Wednesday, January 25, 2012

Luke, Chapter 2: Miraculous Miracles

So in Mark, which is actually the earliest gospel even though it appears second in the bible, we start off in medias res with Jesus already an adult and performing miracles. But then the end of the world didn't happen, so Matthew amps up the dramatic story and pithy sermons. By the time Luke comes along a few generations later, he's going for full-out bombast, adding miraculous and contradictory details to Matthew's narrative at every possible turn. I'm not going to point out the contradictions, as they've all been pointed out many, many times before by people far more pedantic than I.

Anyway, Luke's version: Cesar orders what is called a tax by the KJV, and a census by many of the other translations. For some bizarre reason, he orders everybody back to their home cities to register for this event. What a logistical nightmare!
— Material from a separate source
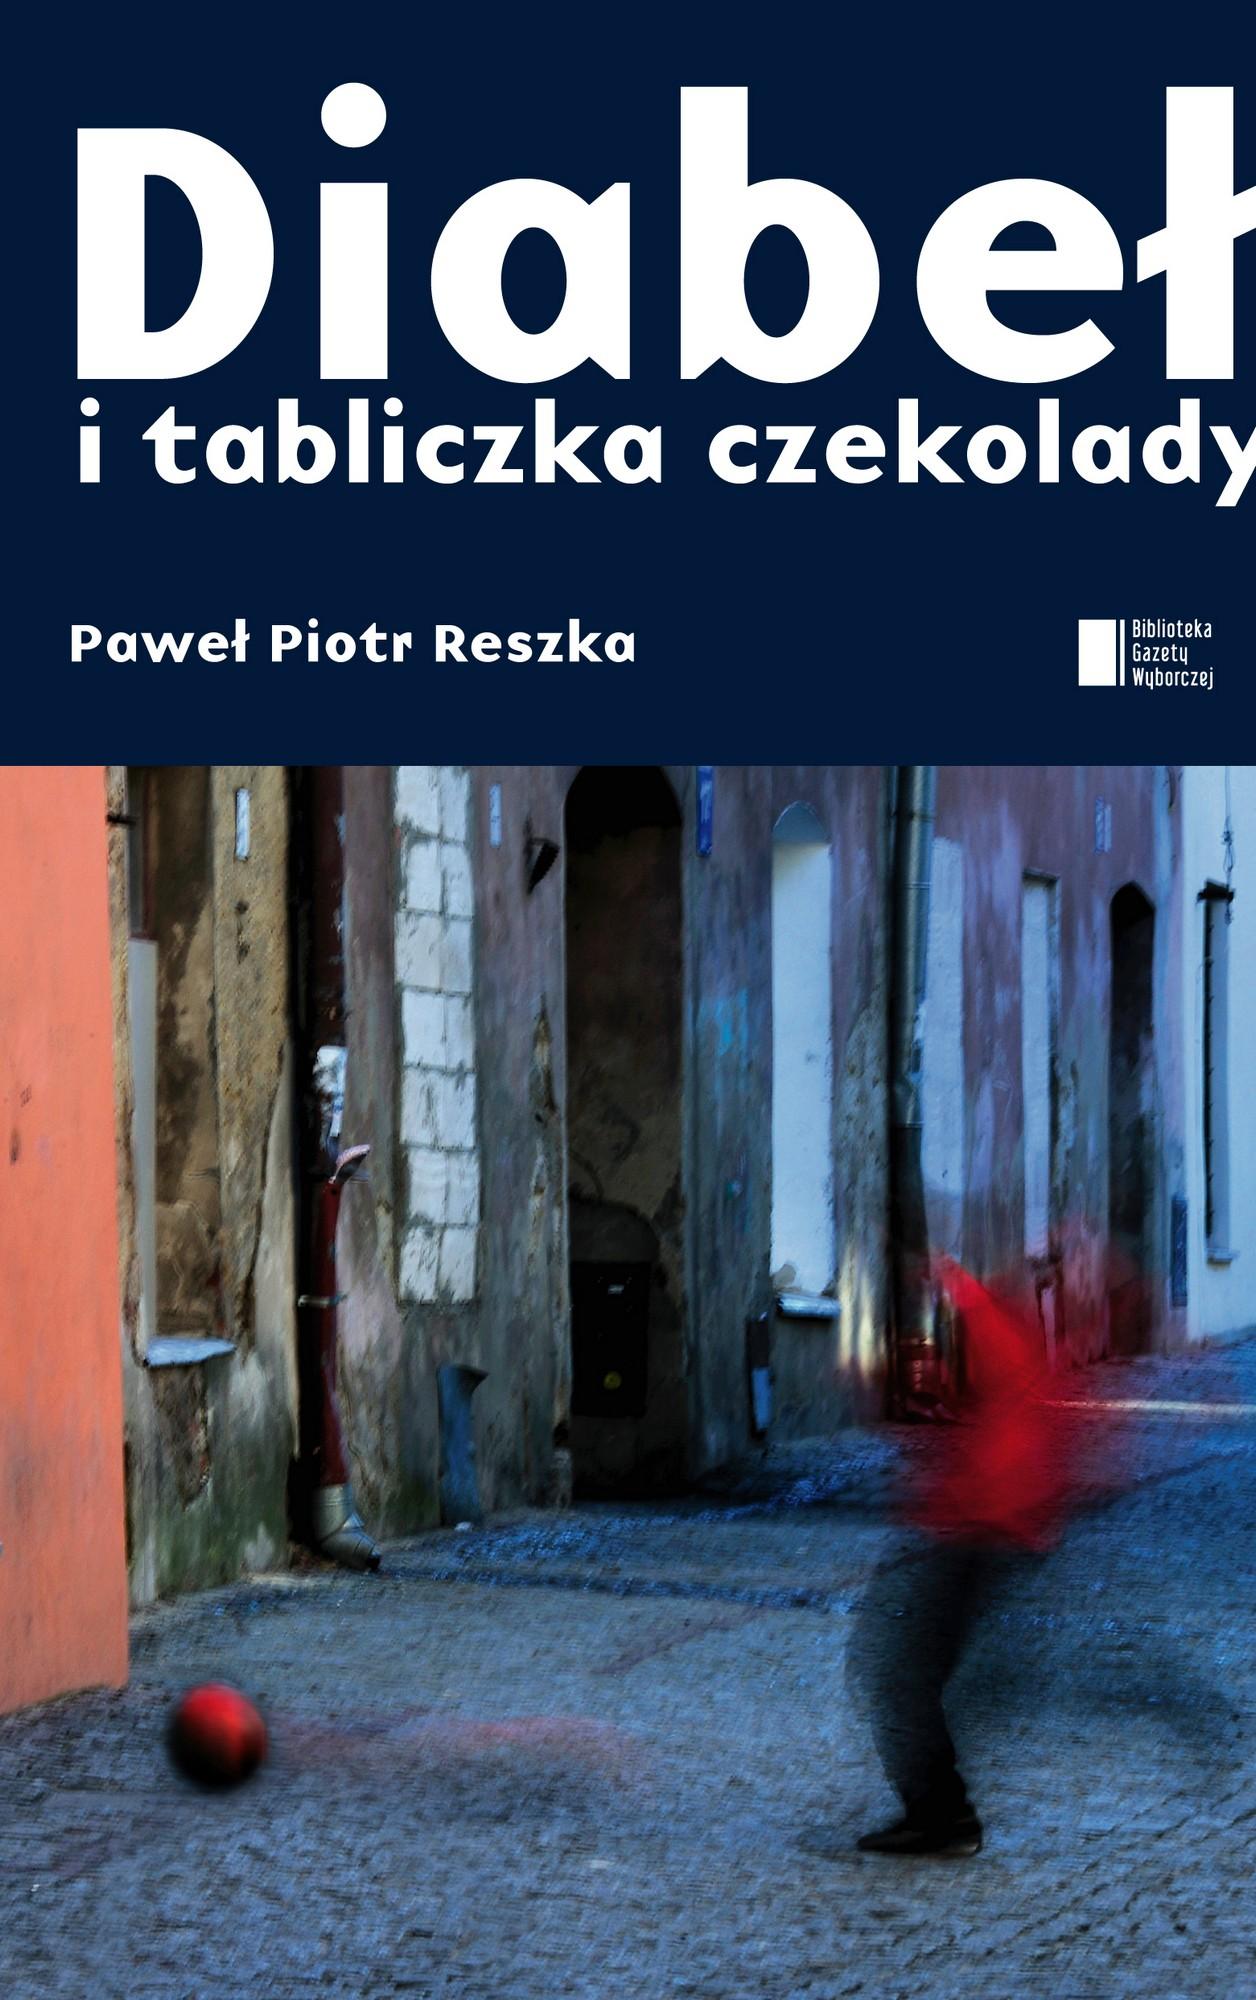 """Paweł Piotr Reszka, """"Diabeł i tabliczka czekolady"""" – okładka książki (źródło: materiały prasowe wydawcy)"""

Joseph is a descendent of David, so he needs to go back to Bethlehem to register, along with Mary, who is now heavily pregnant. When they arrive, there is no room at the inn because of the crazy logistical nightmare that would so obviously be created by forcing everyone to return to their ancestral homes to register for a tax, so like every bad sitcom ever, Mary goes into labour. And like every sitcom ever, she gives birth in the barn and lays the kid out in a manger.

Meanwhile, out in a field somewhere, an angel, probably Gabriel, because he's the only one, appears to some shepherds and tells them a miracle has happened in Bethlehem and to go there and worship the baby in the manger. So they go, and after figuring out the mix-up with Brian, they find the proper baby and start worshipping him.

Eight days later, Jesus is circumcised and named. A couple of weeks after that, Mary is ready to sacrifice her two turtledoves or pigeons and they start off for home. No word on whether they've spent this entire time in the barn with their kid sleeping in a food trough.

Rather than going straight back to Nazareth like any sane new mother would want to do, Mary and Joseph head to Jerusalem to do more new-baby things. Waiting for them is a crazy person named Simeon, who has been told that he will not die until he sees the Messiah. He grabs the baby and calls him a miracle, then goes off to die happy.

Next up on the crazy train is a prophetess named Anna, who also pronounces the baby the saviour. Mary, it should be mentioned, is lapping all this up, but what parent in history wasn't convinced that his or her kid wasn't a Messiah/Michelangelo/Mozart/miracle?

Finally, finally, Joseph and Mary are able to head back to Nazareth for some peace and quiet. And again like a bad sitcom, Jesus grows up in one verse. We next see him 12 years later in Jerusalem, where he is at the family Passover feast. Now, despite church teaching that Mary stayed a virgin all her life and Jesus had no siblings, they somehow manage to leave him behind. And then they don't notice for an entire day. Parents of the year, those two.

After three days of frantically calling relatives, they finally find him in the temple. They scold him for making them worry, but Jesus, clearly already a smart-mouth, replies How is it that ye sought me? wist ye not that I must be about my Father's business? (v. 49) They're too tired to argue, so they simply take him back to Nazareth, where he continues to be too big for his britches.